● What you need to do: An exact copy of the records below is needed, with every picture left out.

[Provided data — start]

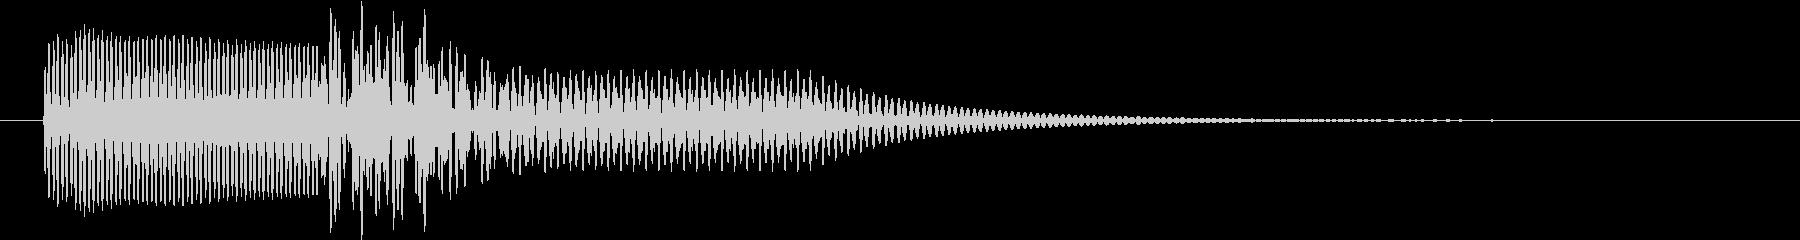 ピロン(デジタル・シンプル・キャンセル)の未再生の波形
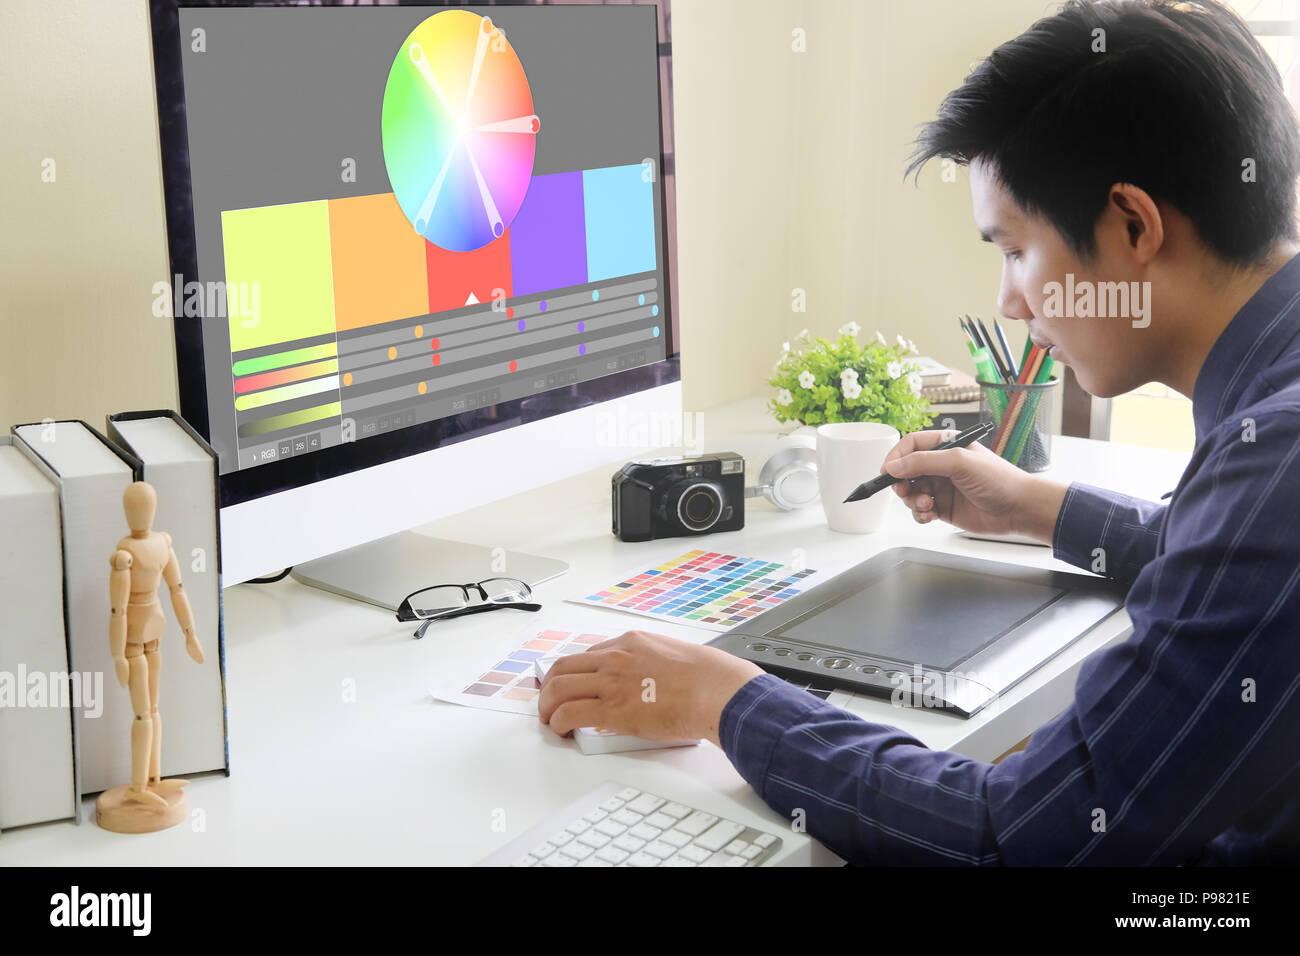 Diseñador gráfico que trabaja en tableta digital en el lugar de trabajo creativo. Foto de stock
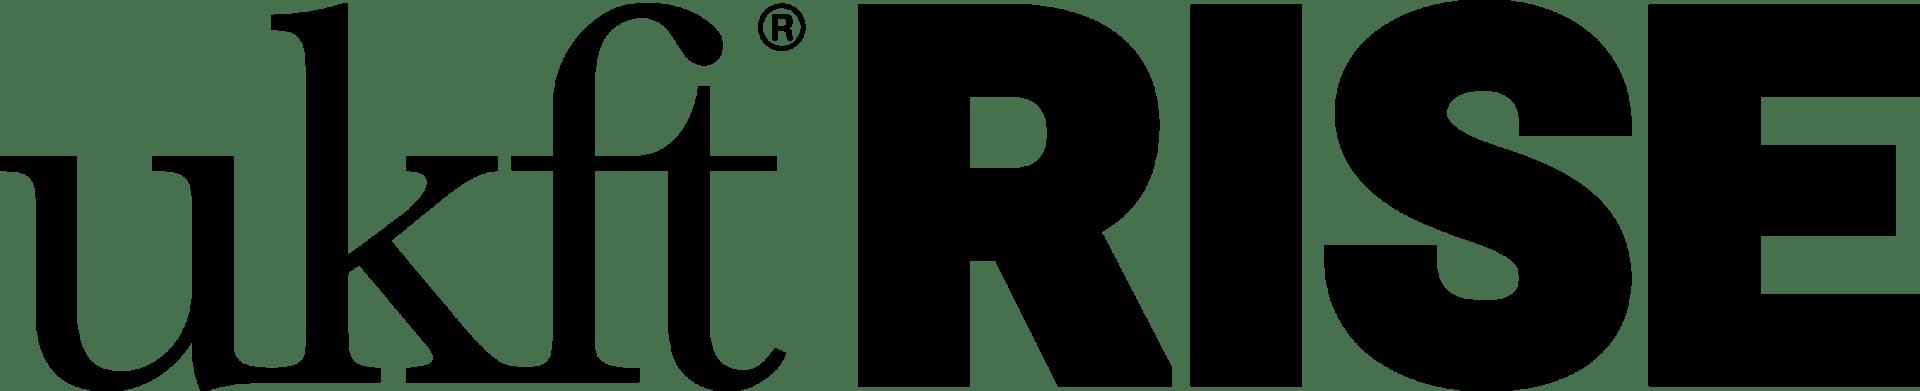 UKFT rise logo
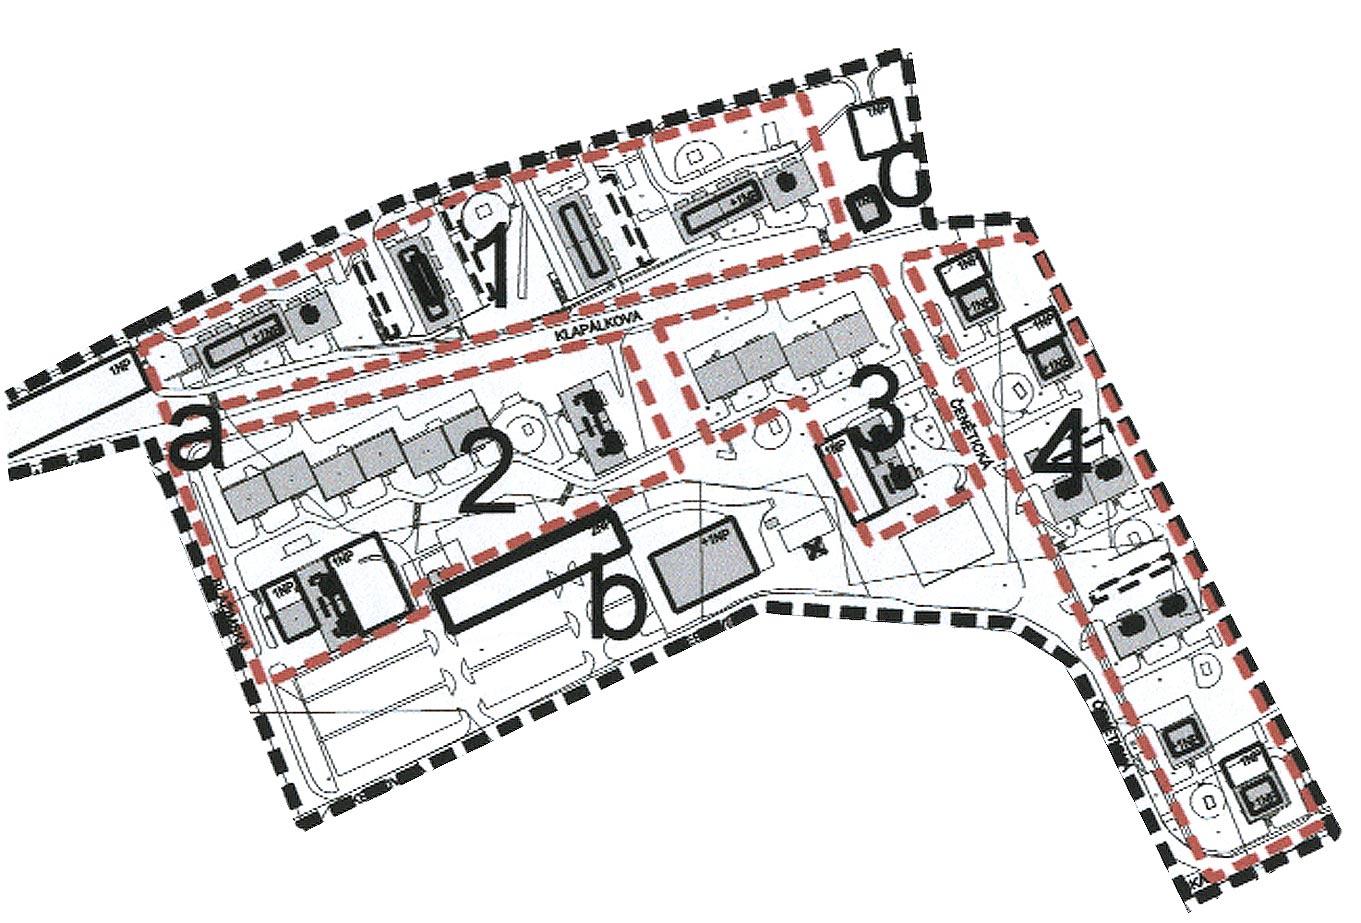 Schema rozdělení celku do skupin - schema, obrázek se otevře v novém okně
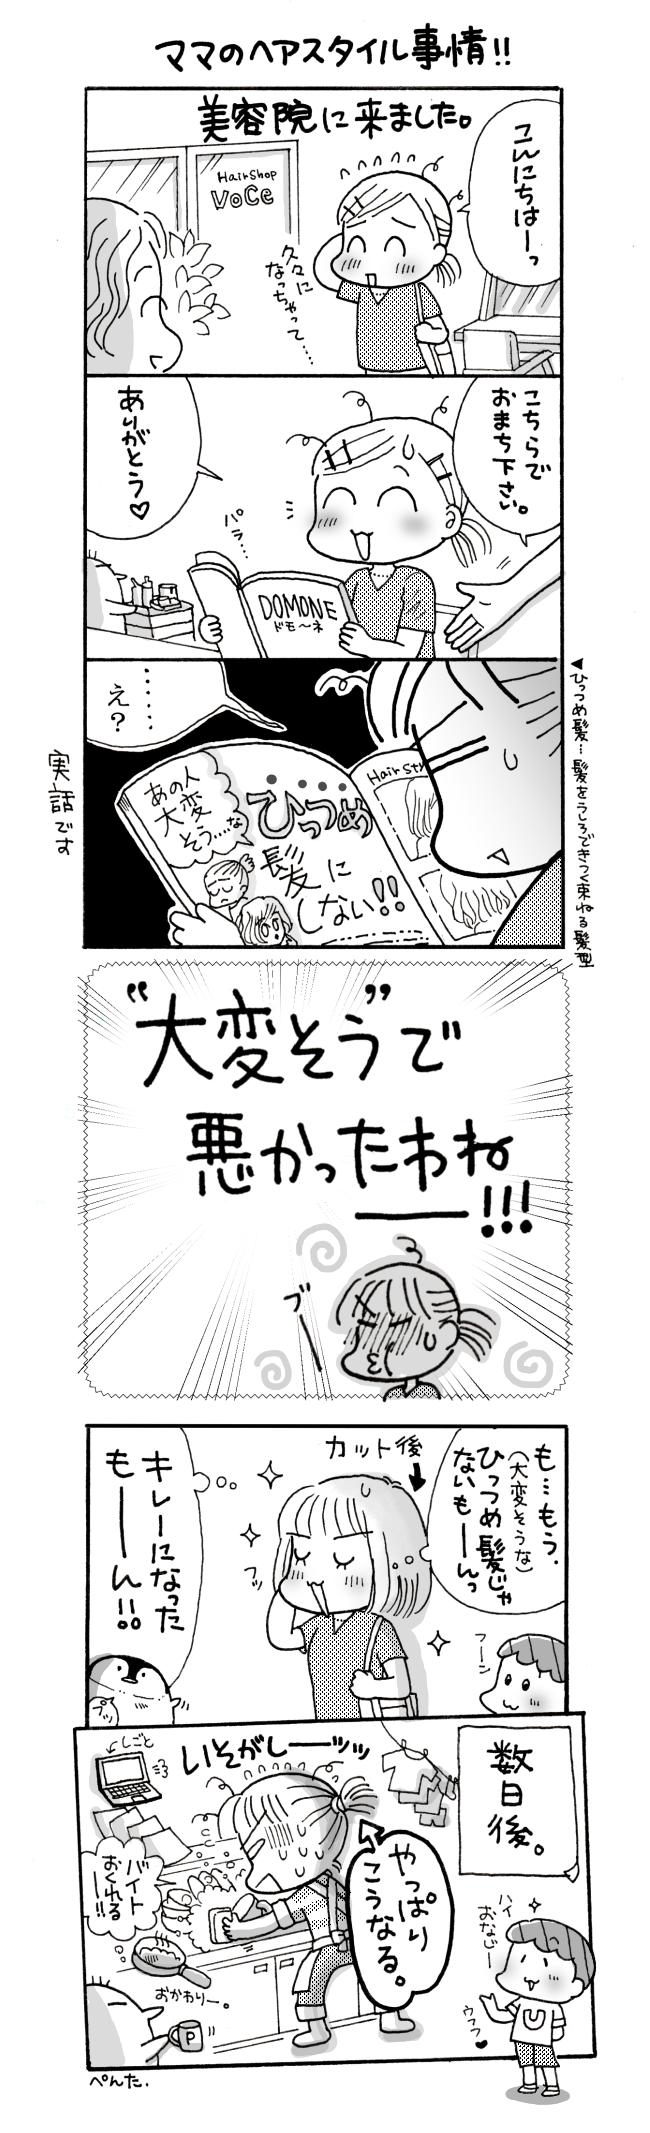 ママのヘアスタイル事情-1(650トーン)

[Provided data — finish]

● Answer space:
 ピロン(デジタル・シンプル・キャンセル)の未再生の波形
 Diseñador gráfico que trabaja en tableta digital en el lugar de trabajo creativo. Foto de stock
 UKFT rise logo
 Schema rozdělení celku do skupin - schema, obrázek se otevře v novém okně
 ママのヘアスタイル事情-1(650トーン)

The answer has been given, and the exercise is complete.